We had been waiting for six months while God dealt with the Egyptians. Now things were happening quickly; big things, major changes. It took God months to humble Egypt, and He wanted to transform us into new people in just a matter of two weeks.

 

It was as if Moshe knew exactly what we were feeling and thinking: “This Pesach is one day and night. In the future it will be a seven day holiday. God is compacting the full holiday into one day and night.”

We couldn’t fully understand what Moshe was saying. “Look,’ he said, “You will eat your offering dressed in your travel clothes, your packed bags at your side. You must finish your meal before midnight.”

“Will we be leaving at midnight? We don’t want to leave when everything is dark, as if we are sneaking out.”

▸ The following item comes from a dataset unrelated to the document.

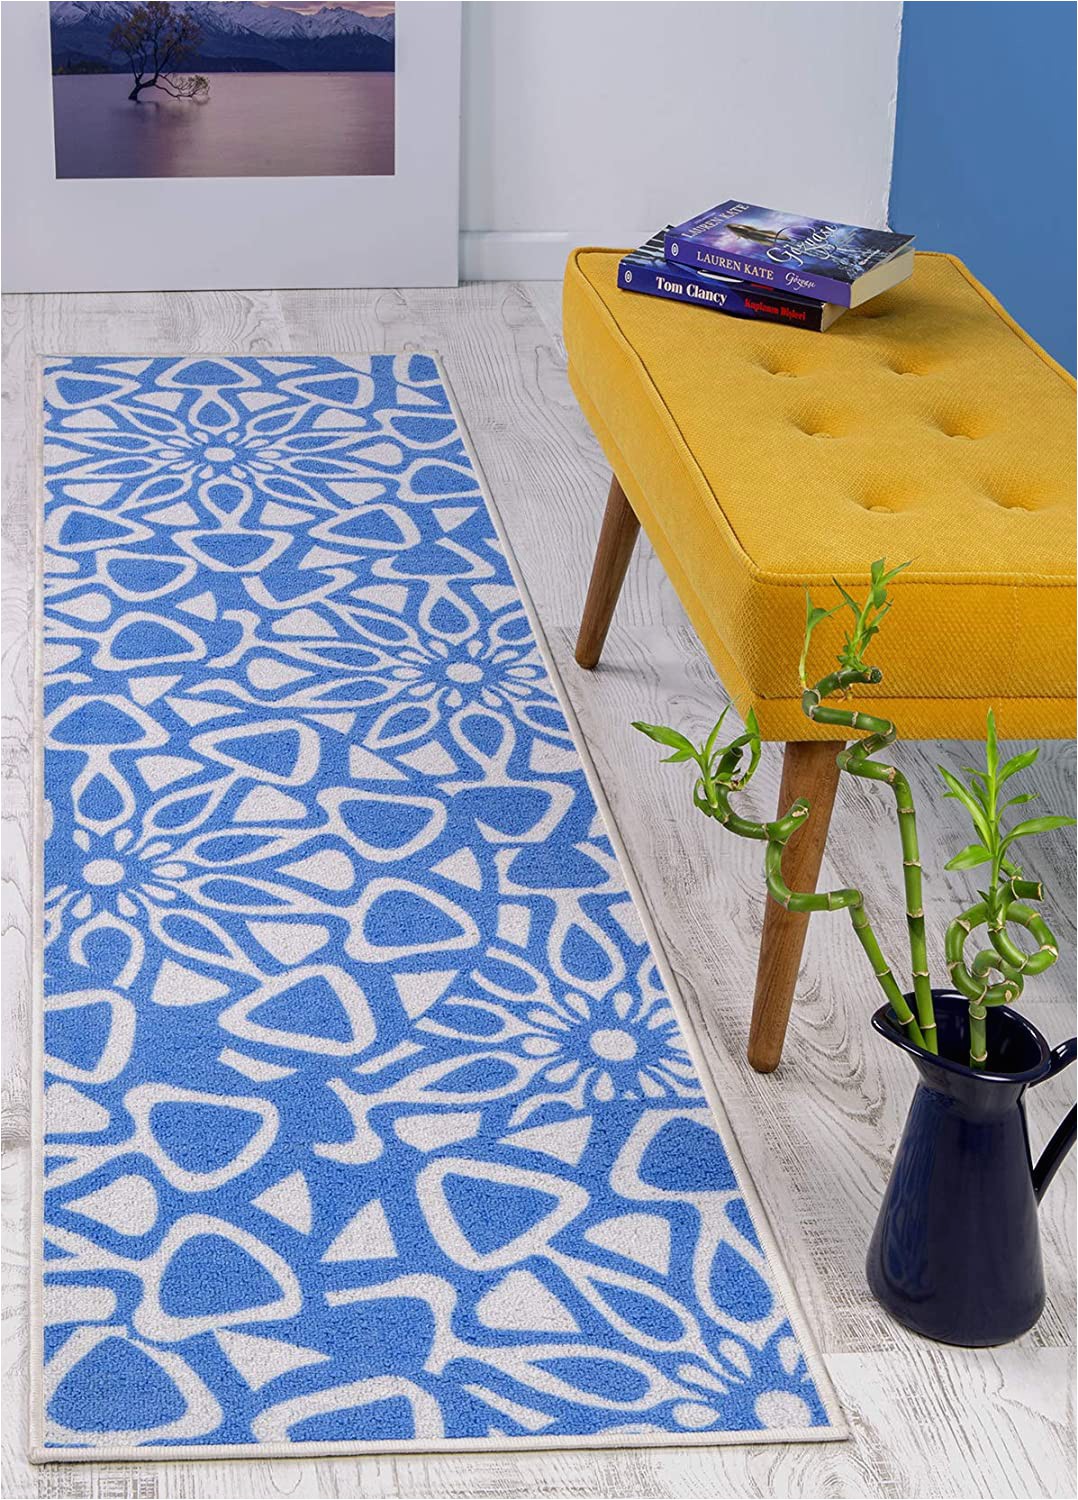 Area Rugs without Rubber Backing Antep Rugs Casa Azul Collection Geometric Contemporary Non Skid Non Slip Low Profile Pile Rubber Backing Indoor area Rug Blue Cream 1 8" X 4 11"
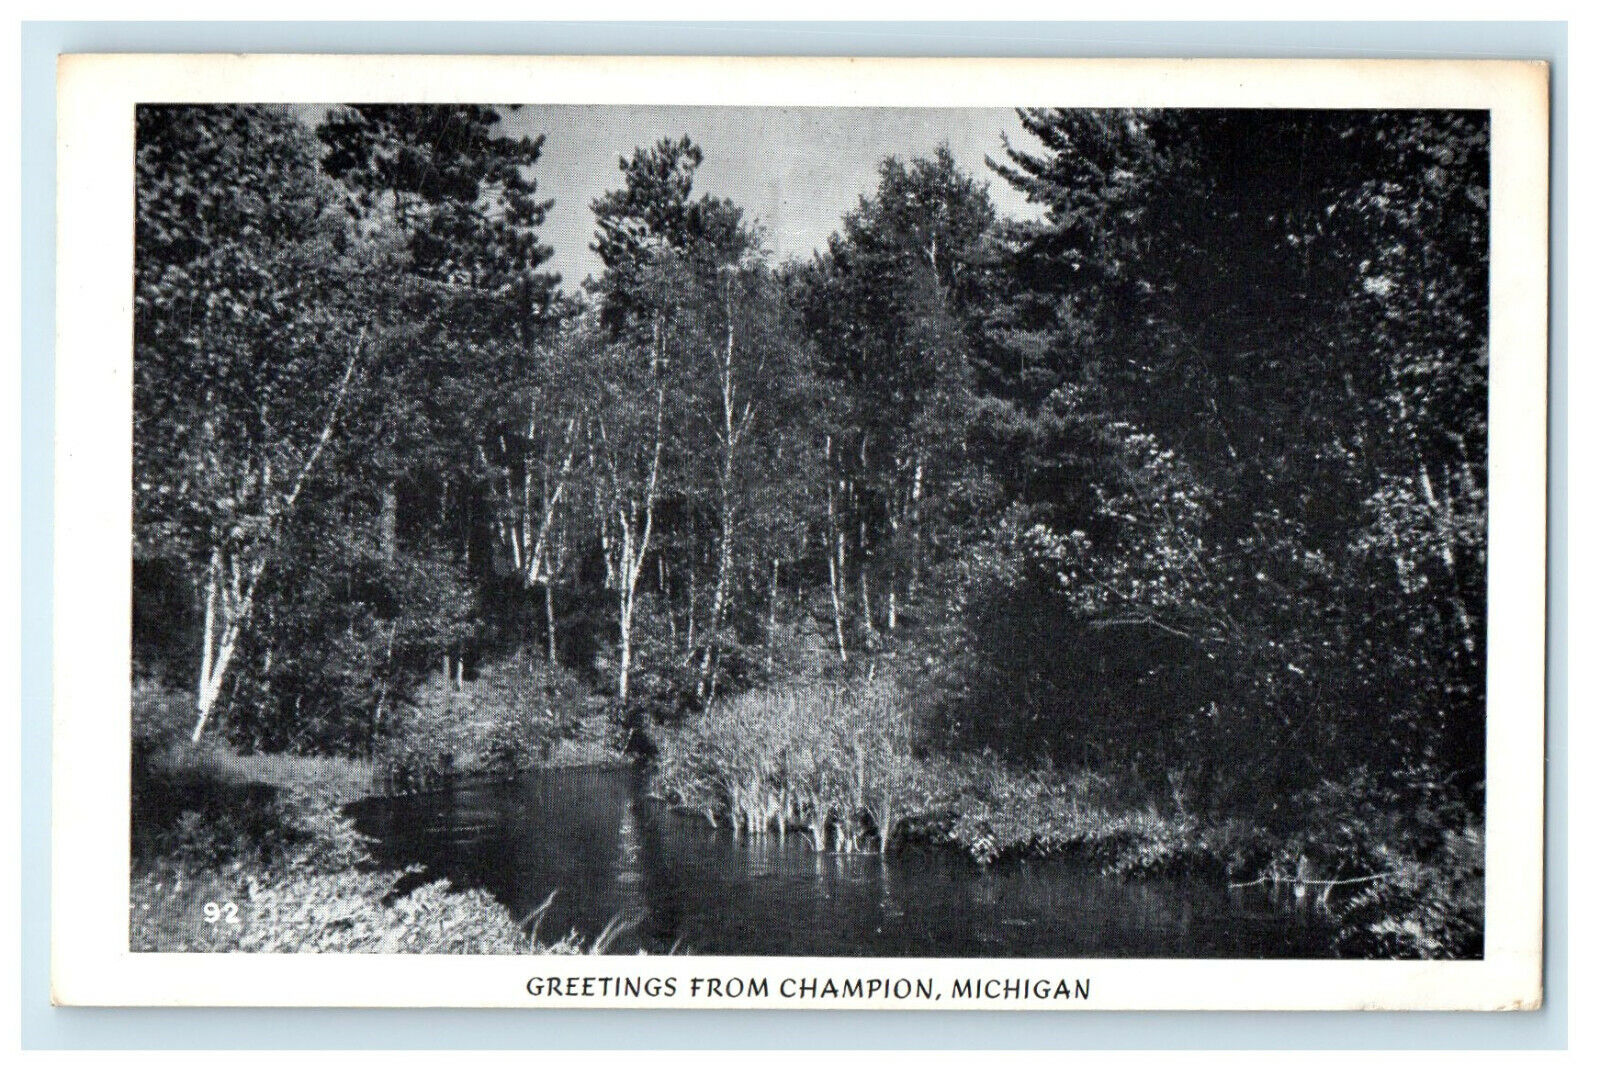 1947 River View, Greetings from Champion, Michigan Vintage Posted Postcard

“No, you won’t leave at midnight. You will leave the next day, but so much will happen that you have to understand that you will feel that you are speeding through time. Your former masters will bang at your doors begging you to leave right away. But I want you all to demand all their treasures, the ones you discovered during the plague of darkness. They will have to pay you to leave. They will actually be paying you for your work. They will have nothing left because they are nothing without you. Everything will change, and it will happen quickly.”

“I still don’t understand why we have to eat ready to travel if we won’t travel until the next morning,” a man shouted.

A man who looked like a Chassidic Rebbe, I think his name was Weinberg of Slonim, stood up and explained, “Because our journey actually begins when we eat the offering. We are not dressed for the trip out of Egypt. We are dressed for an entirely new journey through life.”